■ **SUPPLIED DATA**
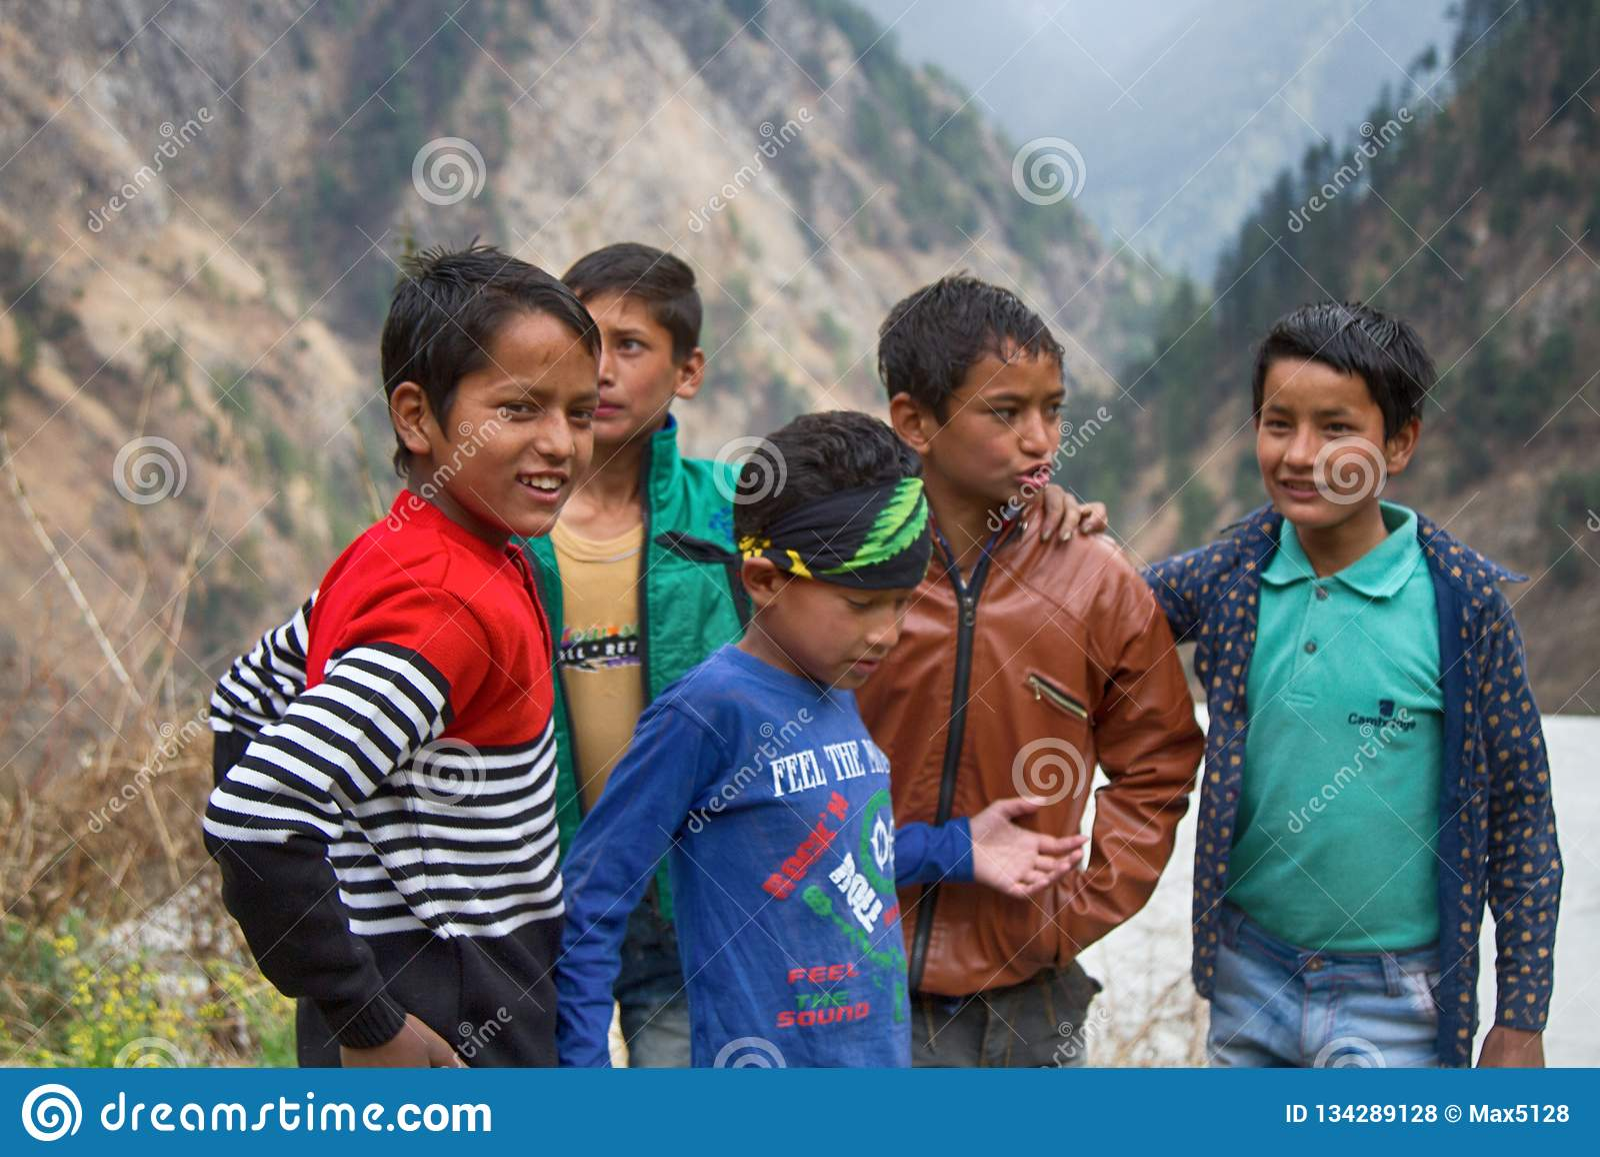 indian village group
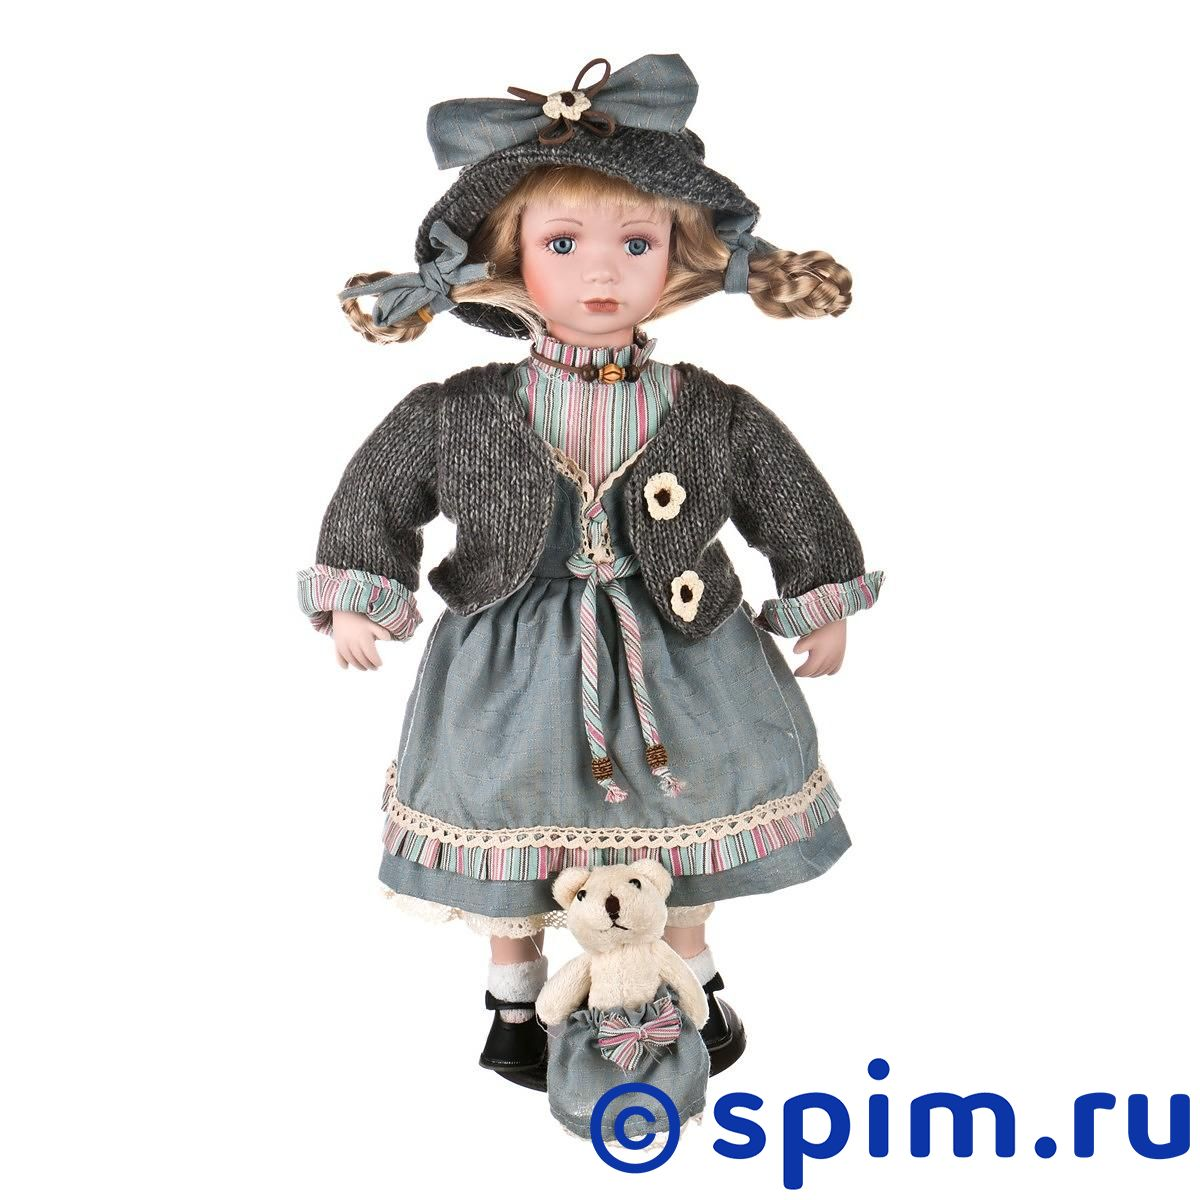 Фарфоровая кукла 346-192
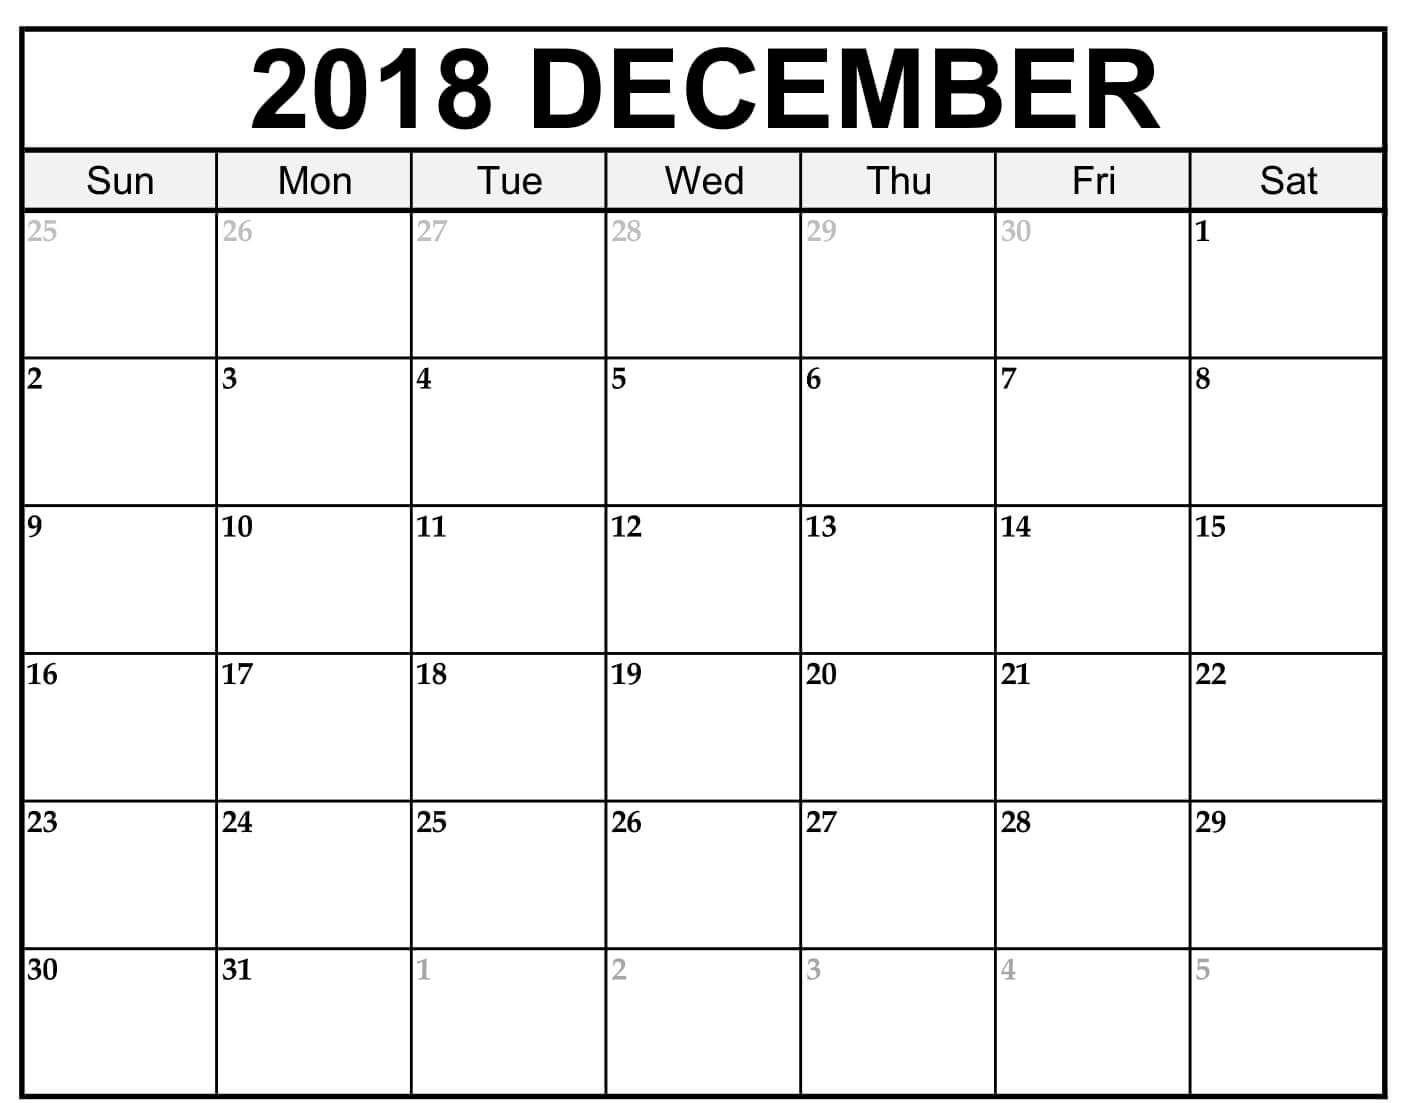 December Calendar 2018 Template Pdf Blue Frame December 2018

■ **WORK ITEM**
Your reply should be the full data above, copied exactly, with no pictures in it.

■ **ANSWER TO THE EXERCISE**
 indian village group
 Фарфоровая кукла 346-192
 December Calendar 2018 Template Pdf Blue Frame December 2018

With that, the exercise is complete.